## WORK ORDER
Return the listing exactly. Keep no pictures.
DATA SEGMENT Start Marker
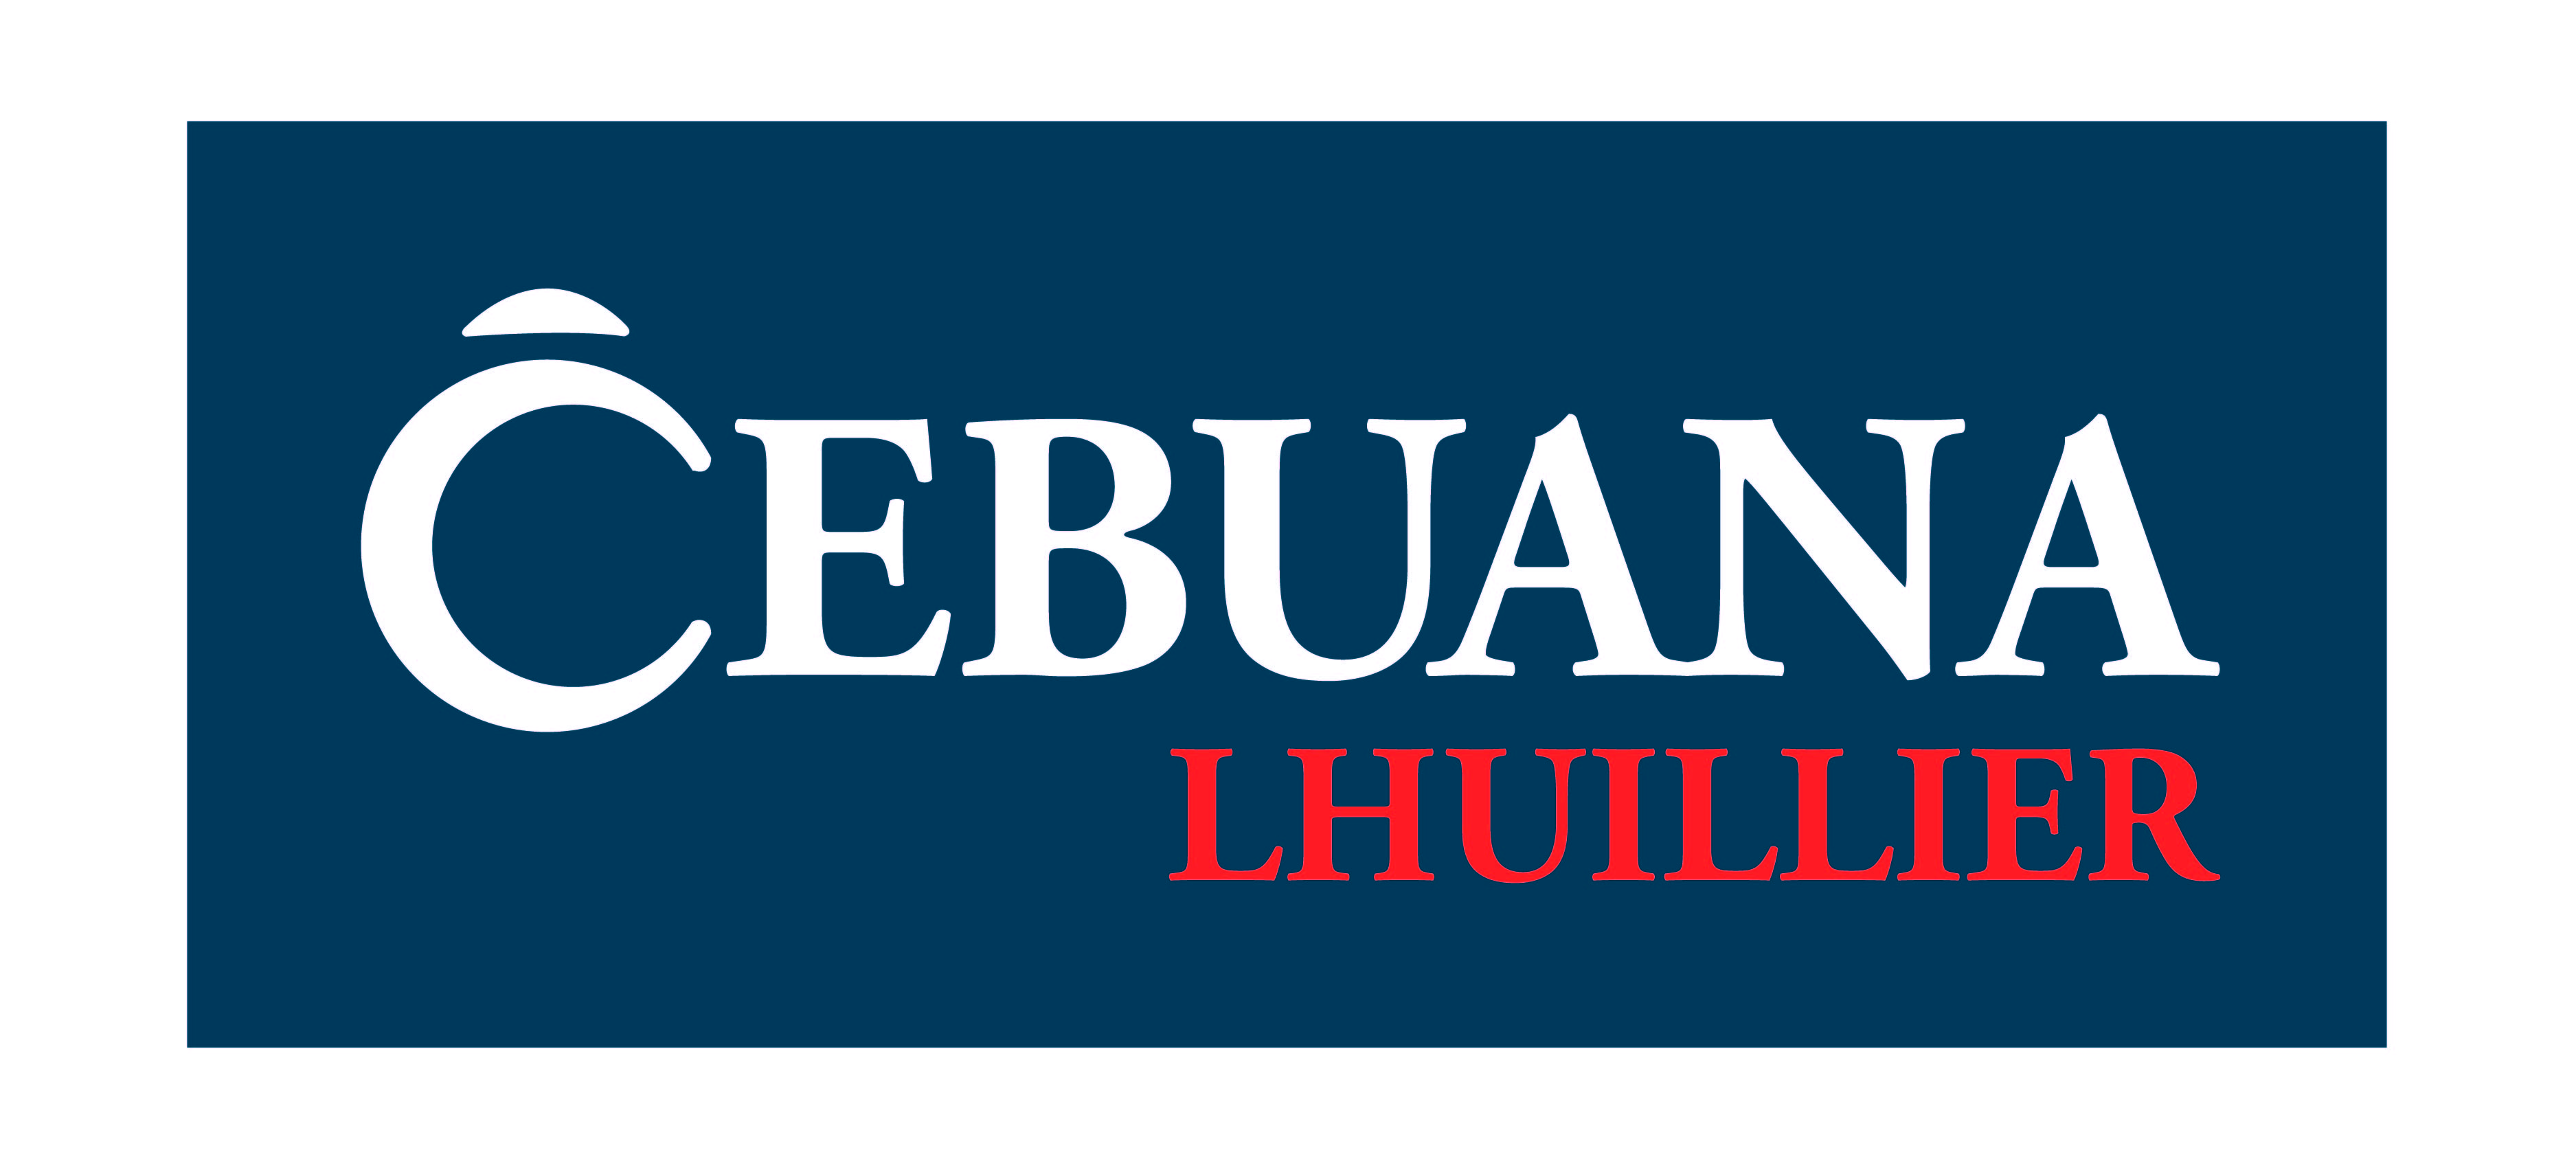 Cebuana_Lhuillier_offficial_Logo.jpg
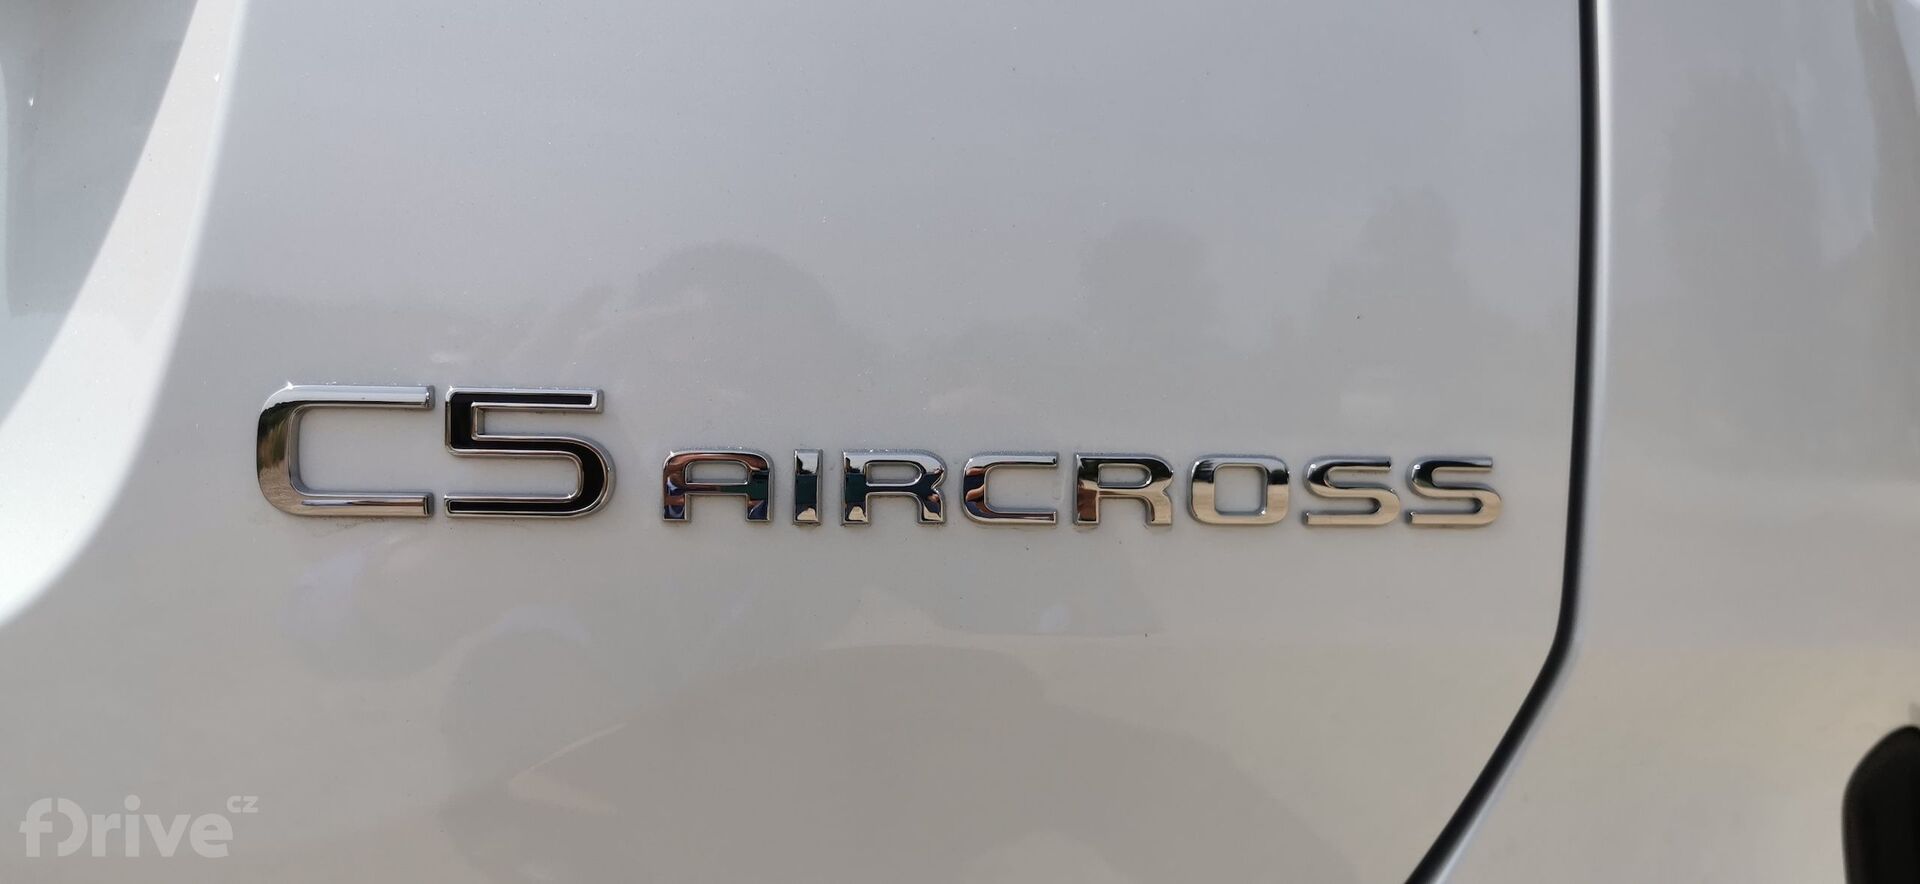 Citroën C5 Aircross PHEV (2022)
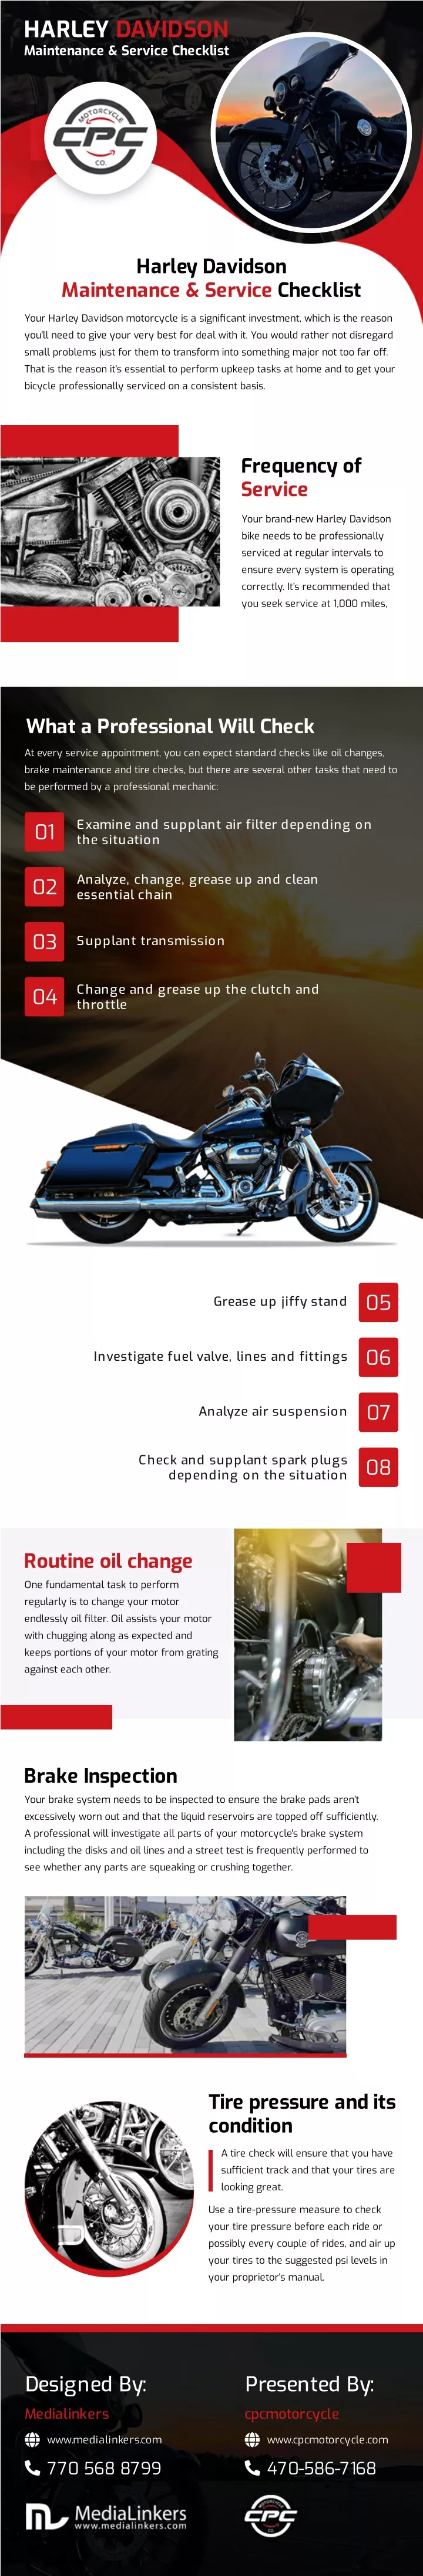 PPT - Harley Davidson Maintenance & Service Checklist PowerPoint ...
DATA SEGMENT End Marker
## ANSWER FOR THE TASK
 Cebuana_Lhuillier_offficial_Logo.jpg
 Citroën C5 Aircross PHEV (2022)
 PPT - Harley Davidson Maintenance & Service Checklist PowerPoint ...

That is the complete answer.